**Information provided**
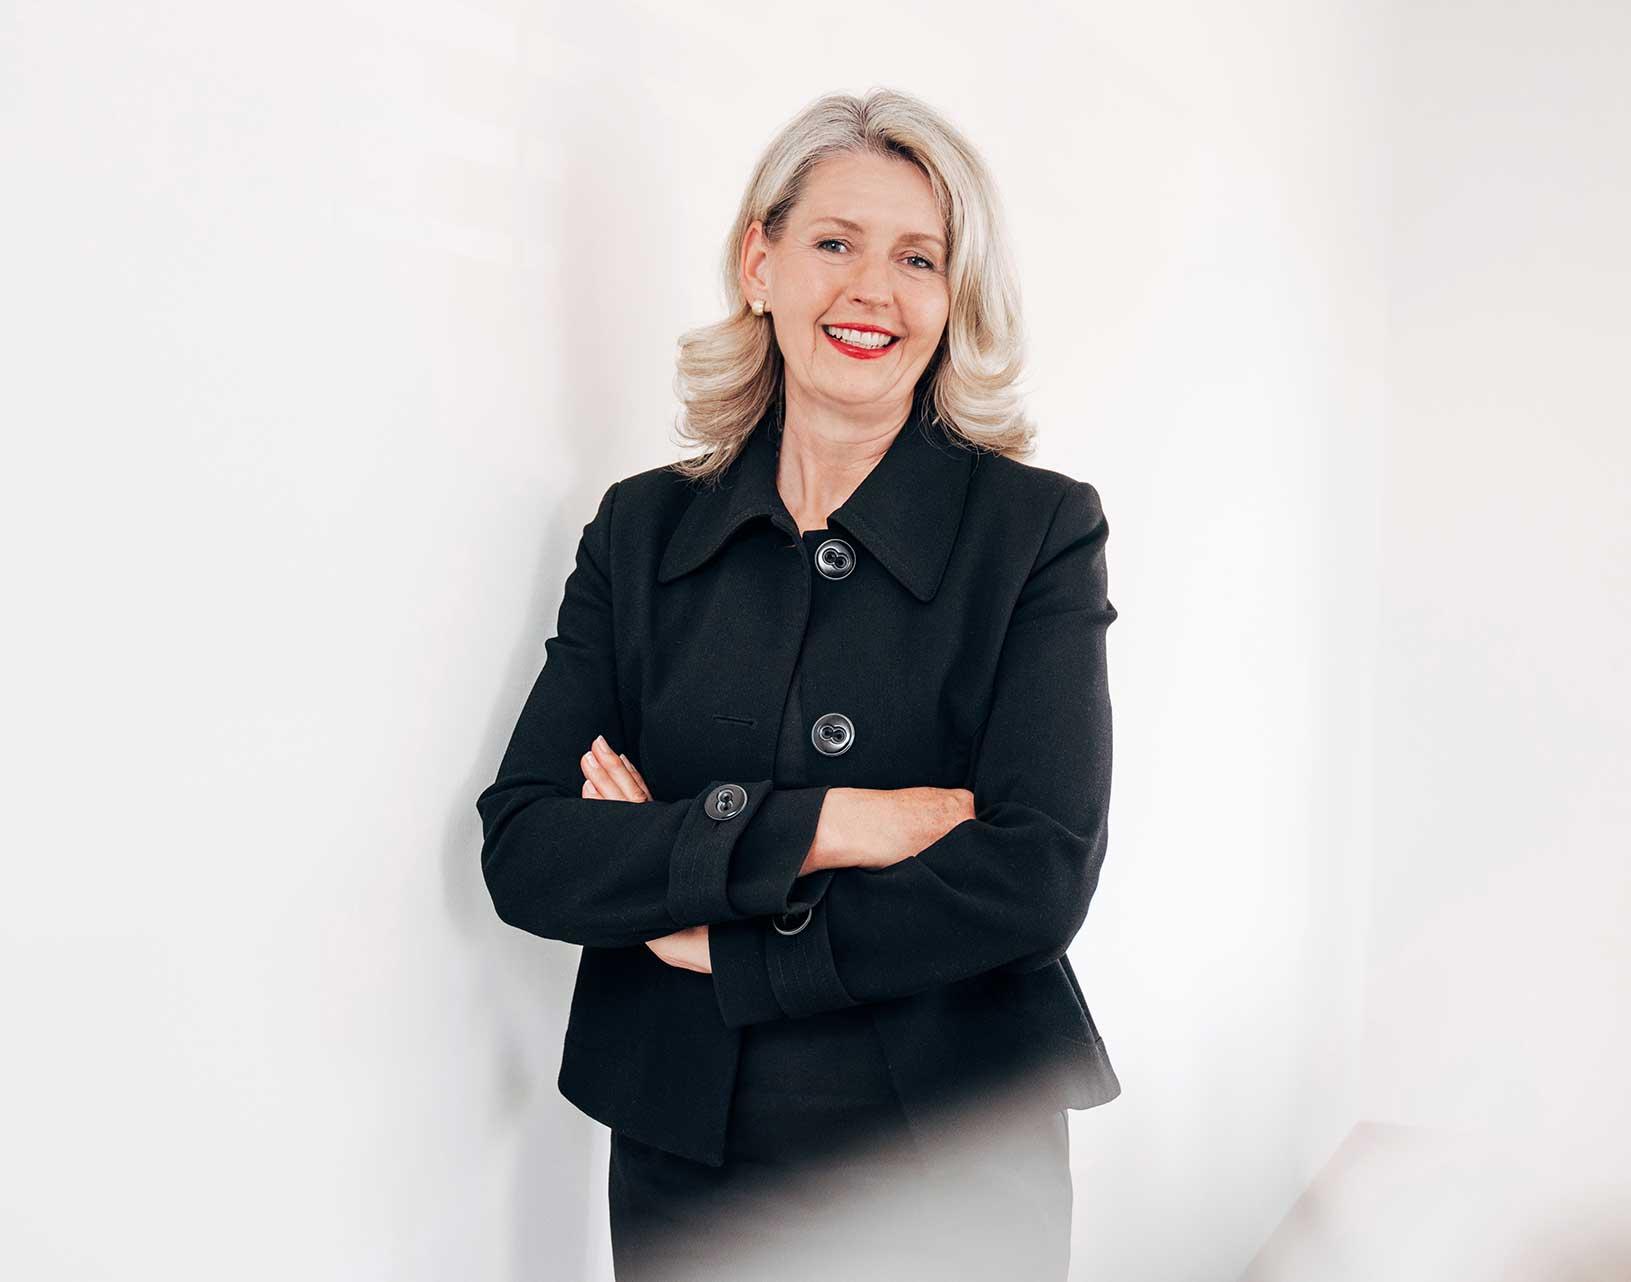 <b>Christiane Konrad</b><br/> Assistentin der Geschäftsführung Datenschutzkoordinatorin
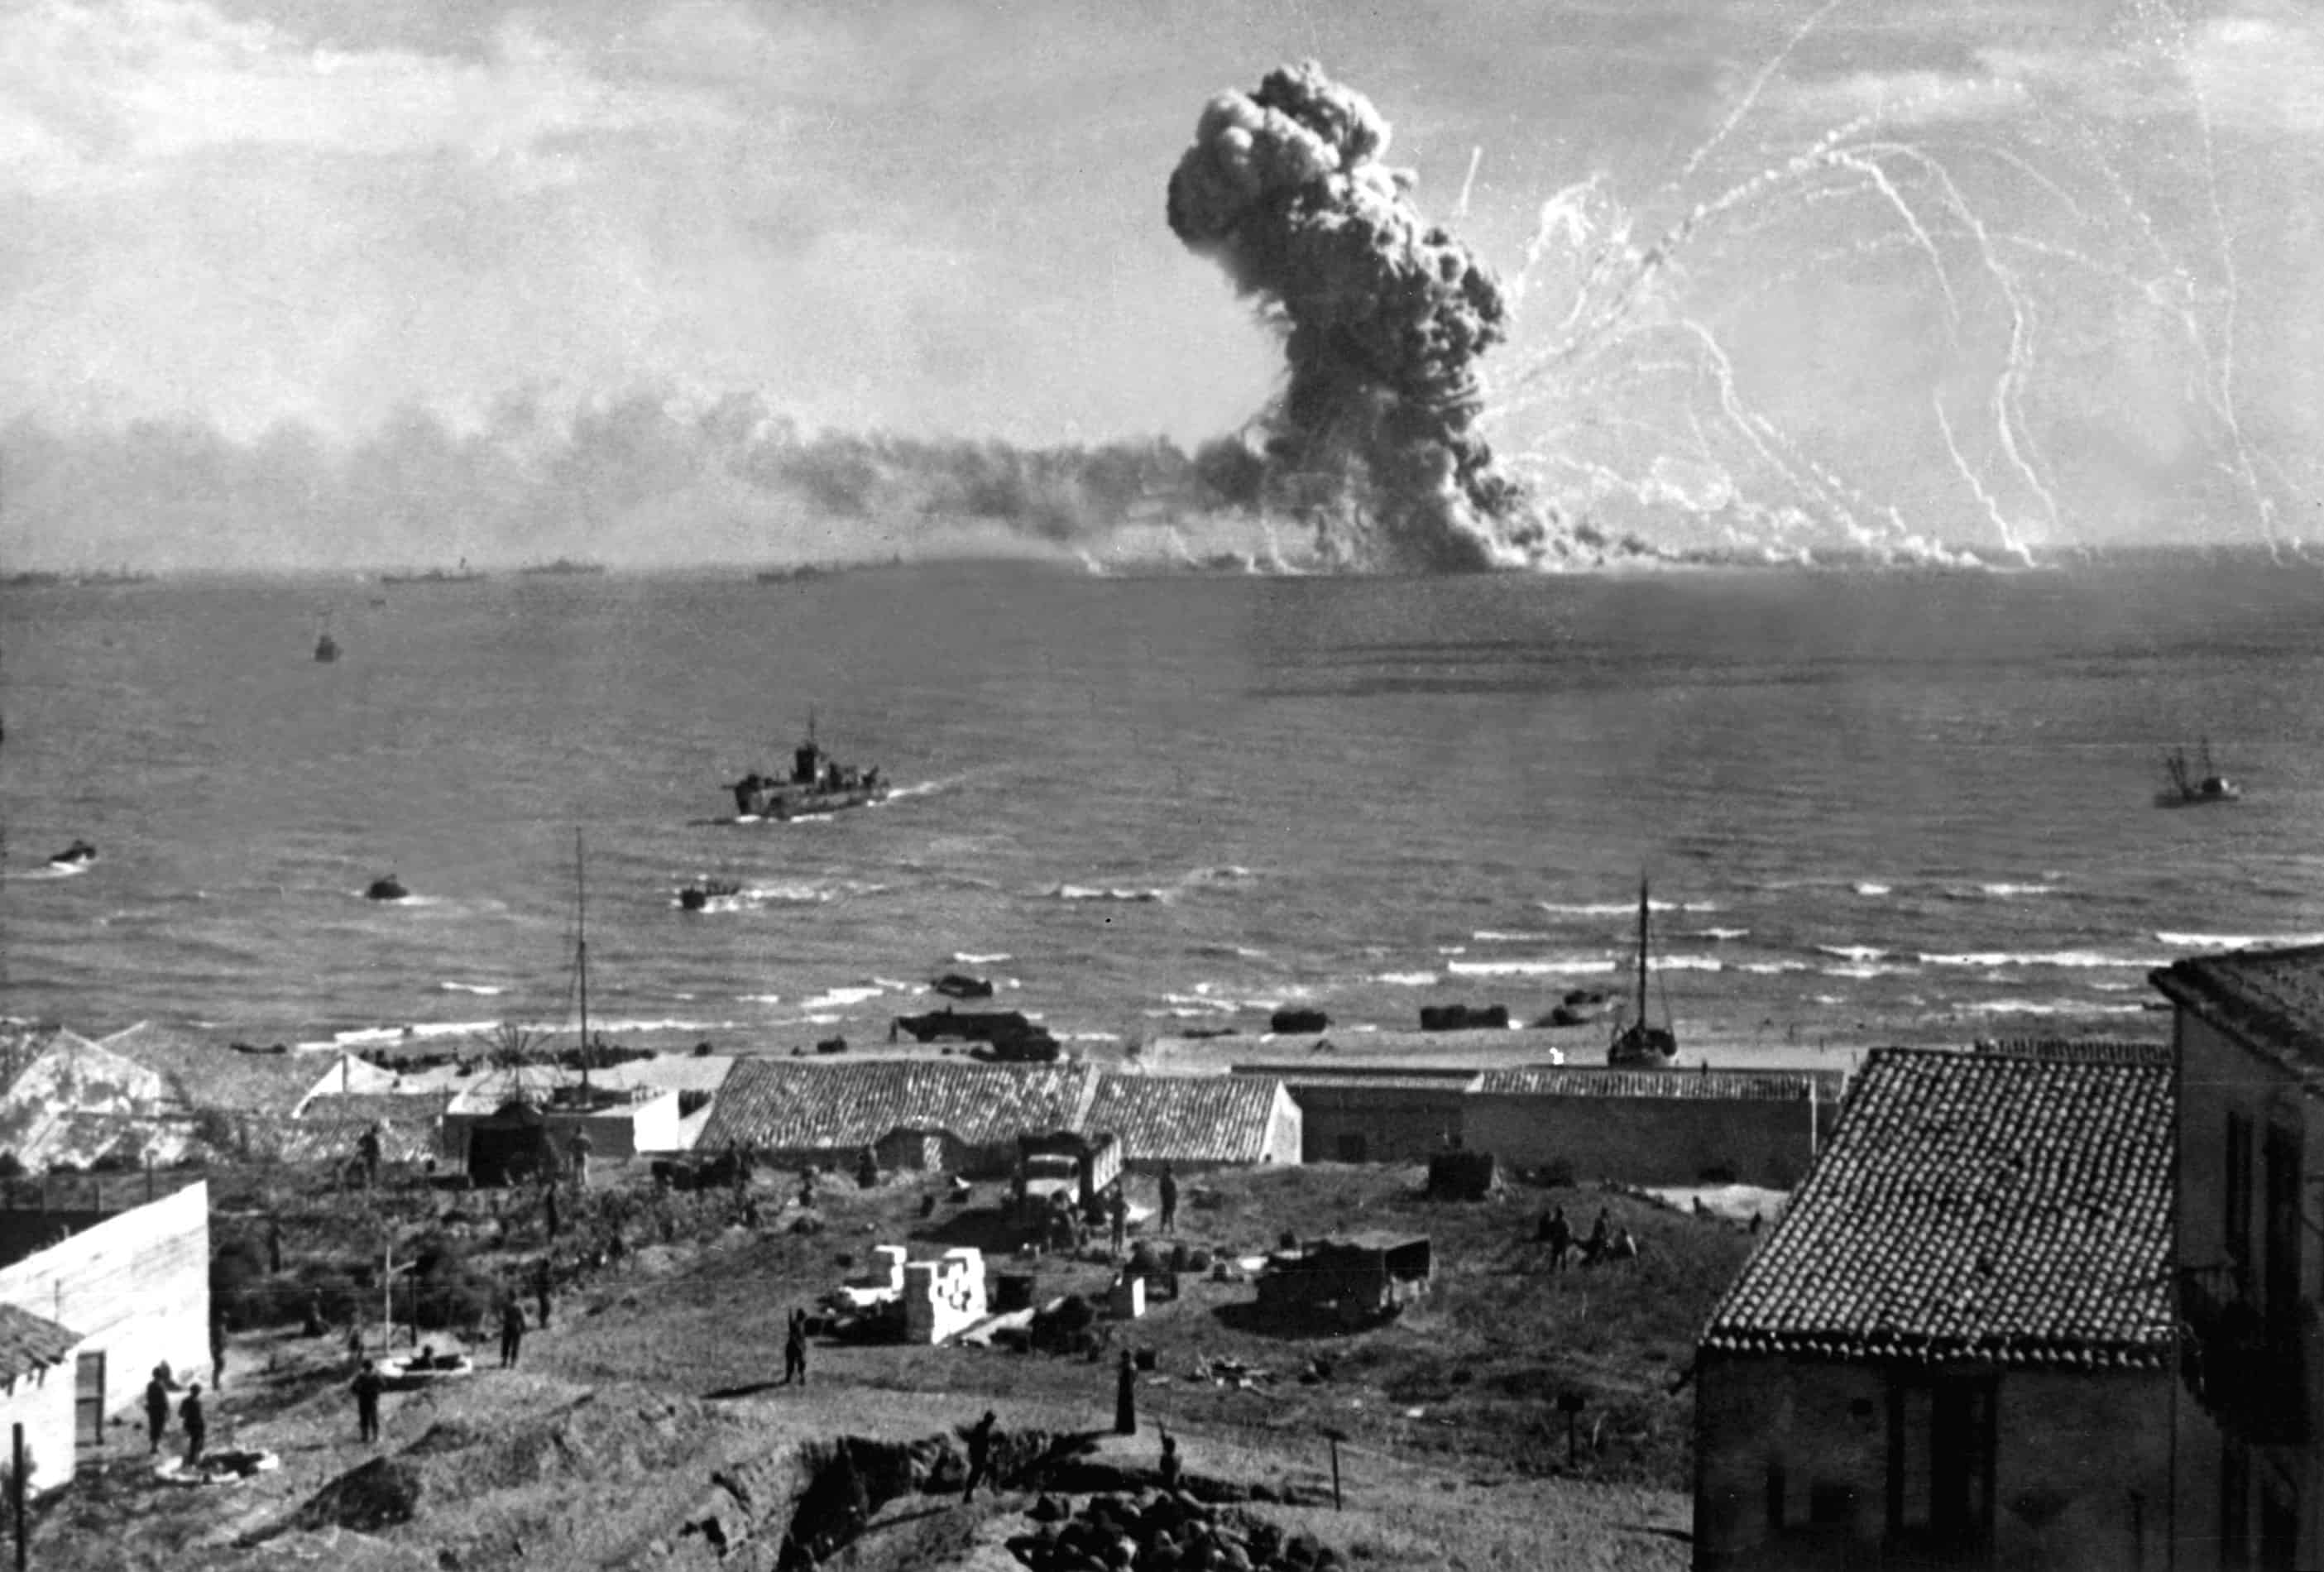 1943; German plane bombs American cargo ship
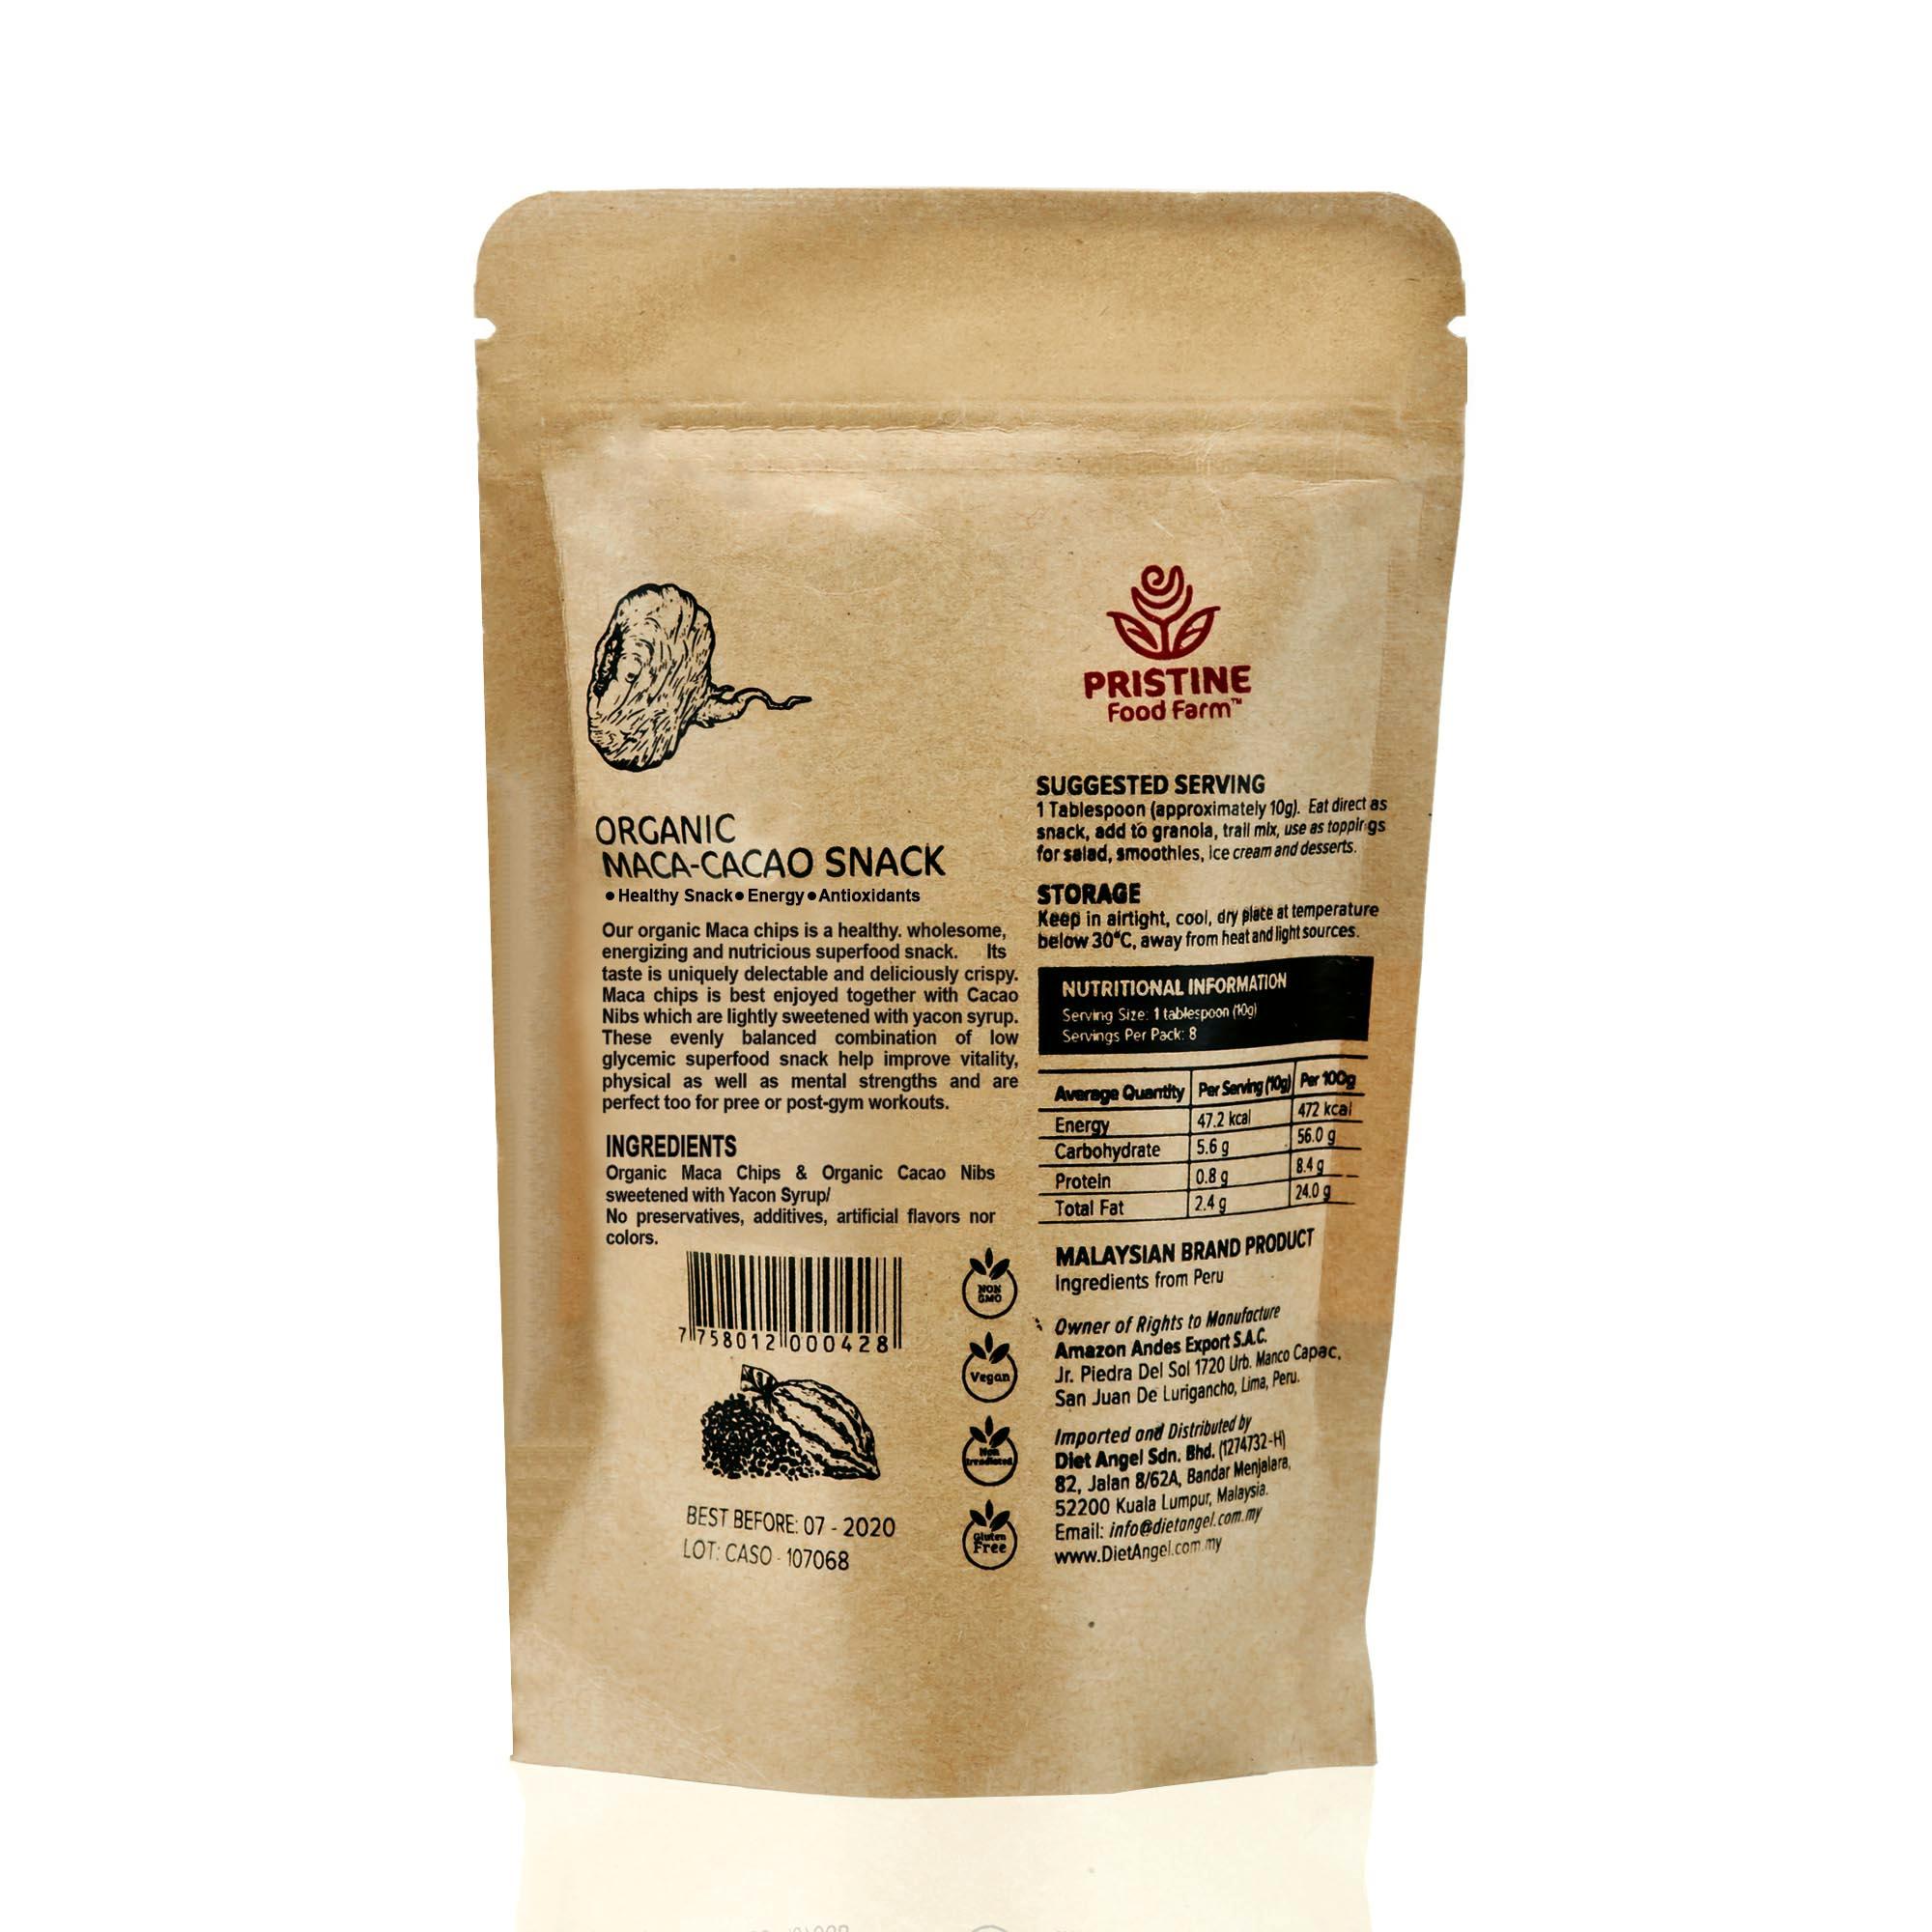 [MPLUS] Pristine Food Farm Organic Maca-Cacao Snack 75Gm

**Required work**
Omit the pictures, and quote the material above exactly as given.

**Task answer**
 <b>Christiane Konrad</b><br/> Assistentin der Geschäftsführung Datenschutzkoordinatorin
 1943; German plane bombs American cargo ship
 [MPLUS] Pristine Food Farm Organic Maca-Cacao Snack 75Gm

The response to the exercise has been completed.